统计学习 机器学习_机器学习中的统计测试

统计学习 机器学习

When it comes to statistics in machine learning, a common approach to accept or reject a null hypothesis is to check for the p-values and give a result without really having an idea of what goes on in the background. Without getting into any kind of fancy jargons or mathematical technicalities, this article attempts to sum up the intuition behind statistics using some real life examples especially for people from a non-statistics background.

当涉及到机器学习中的统计时,接受或拒绝原假设的一种常见方法是检查p值并给出结果,而无需真正了解后台发生了什么。 在不涉及任何花哨的行话或数学技巧的情况下,本文尝试使用一些现实生活中的例子来总结统计背后的直觉,尤其是对于那些来自非统计学背景的人。

Why do we need hypothesis testing?

为什么我们需要假设检验?

We all love donuts.
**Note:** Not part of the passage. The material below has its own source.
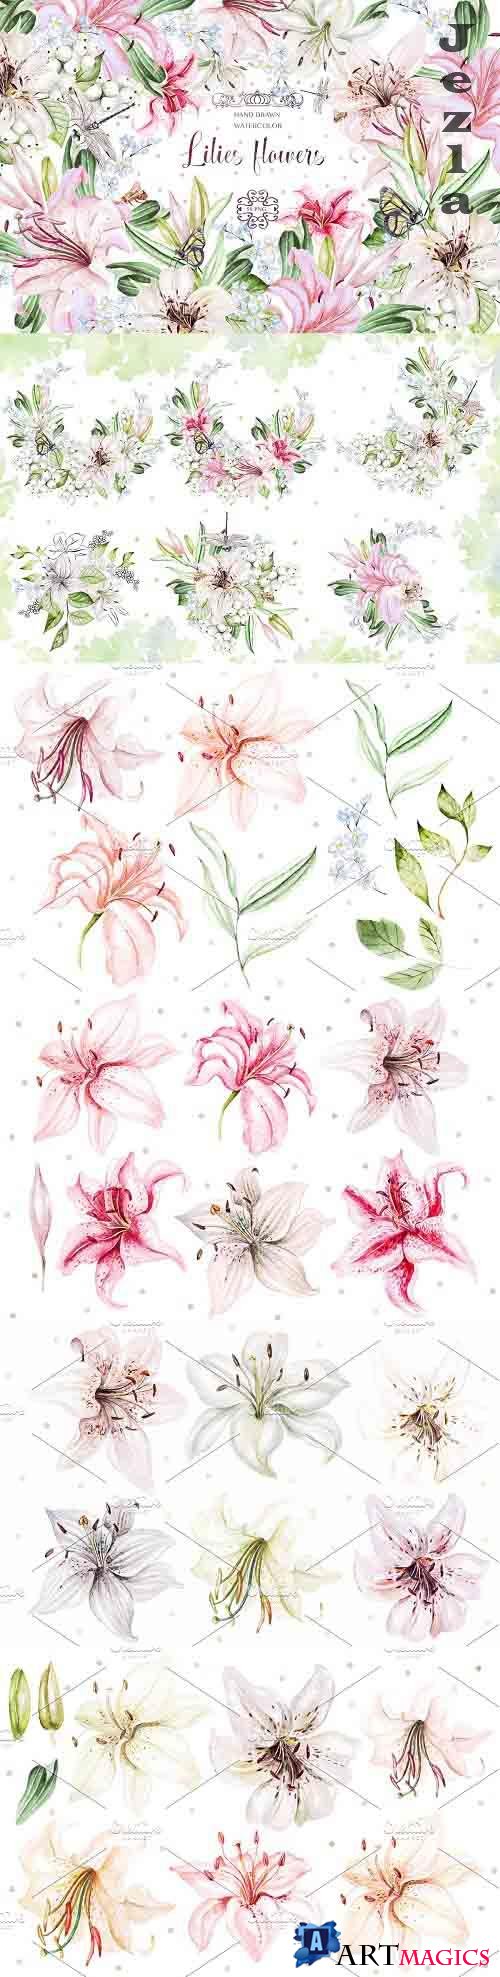 Hand Drawn watercolor flowers lily 2 - 5016942

But what if suddenly, Dunkin’ happens to shut down because Krispe Kreme claims the weight of their donuts is less than what Dunkin’ claims. How do we choose sides? How do we decide what amount of less is too less? In situations like these, what we try to analyze is if the weight difference between the samples is statistically significant or is it a minor difference due to human or machine error.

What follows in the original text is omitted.